Of my variants predicted to have high or moderate impact, 249 are rare (allele frequency less than 1%), 1107 have unknown allele frequencies, and 669 are novel. That is a lot of variation to consider, so the last filter is to check the variants against a list of 592 gene associated with inherited disorders. The last check against the gene list produces 15 uncommon variants of high or moderate impact in the gene list associated with inherited disorders. There are 1761 uncommon variants of high or moderate impact not associated with genes on the list of inherited disorders.

My exome report summarizes the 15 variants in a series of tables. I summarize the 15 variants in the table below.

All 15 variants in the table below are nonsynonymous coding variants, which means that they change the amino acid sequence of the protein encoded by the gene.

As you would expect from the rarity of the variants, I am not homozygous for any of them; in each case, I am heterozygous for the variant in question. For two of the genes (NEB and TTN), I am heterozygous for two variants, but we can’t tell the phase from the sequencing technique used. This means that I might have one copy of NEB that lacks both rare variants with a second copy that carries both, or alternatively, each of my two copies of NEB could carry a different rare variant. The same is true for TTN.

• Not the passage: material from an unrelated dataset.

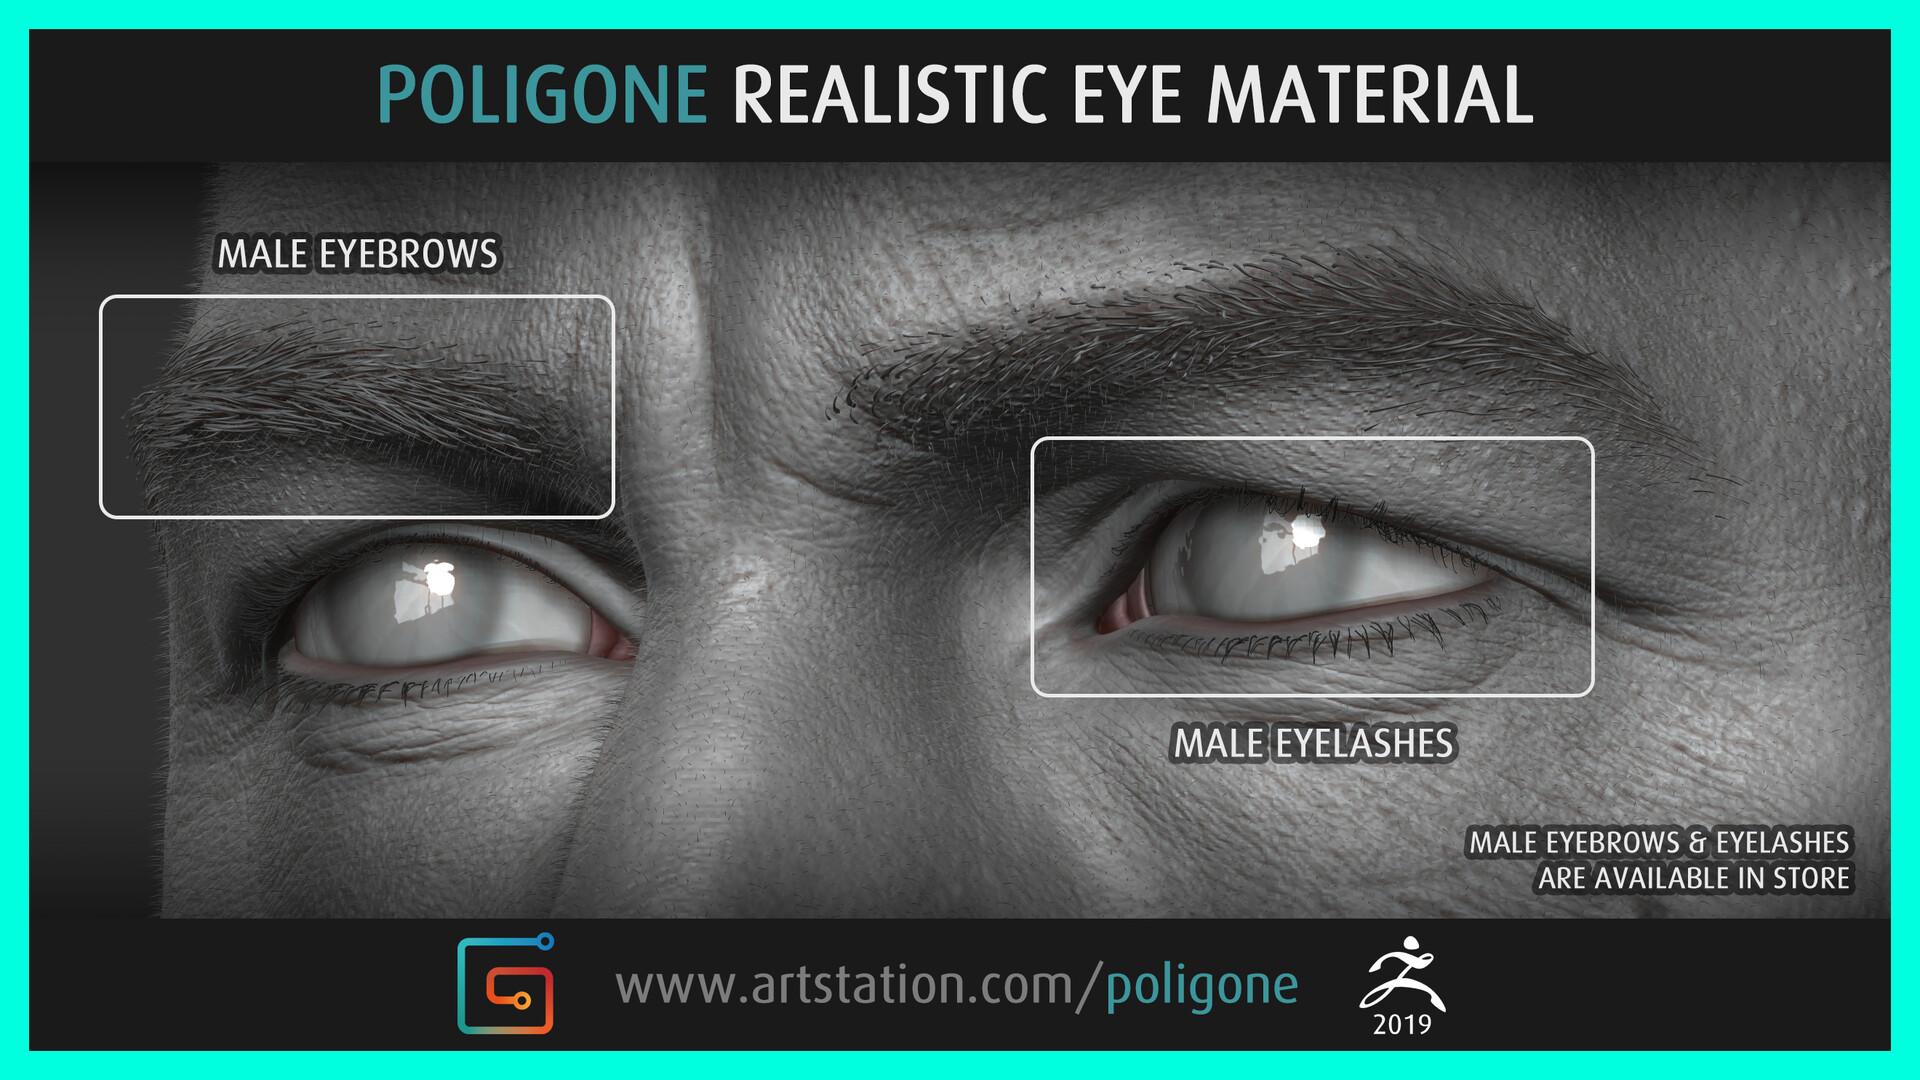 Poligone cg 4

Not all amino acid substitutions are equivalent. Some amino acid substitutions are conservative, meaning that they replace an amino acid with a chemically similar amino acid that is unlikely to alter the function of the protein. Other amino acid substitutions are nonconservative, substituting an amino acid with one that is dissimilar. For the technically minded reader, I should say that I used the BLOSUM62 substitution matrix (1) to determine whether a change is conservative or nonconservative. Not all conservative substitutions are harmless, and not all nonconservative substitutions affect protein function. Each amino acid position in a particular protein has its own properties.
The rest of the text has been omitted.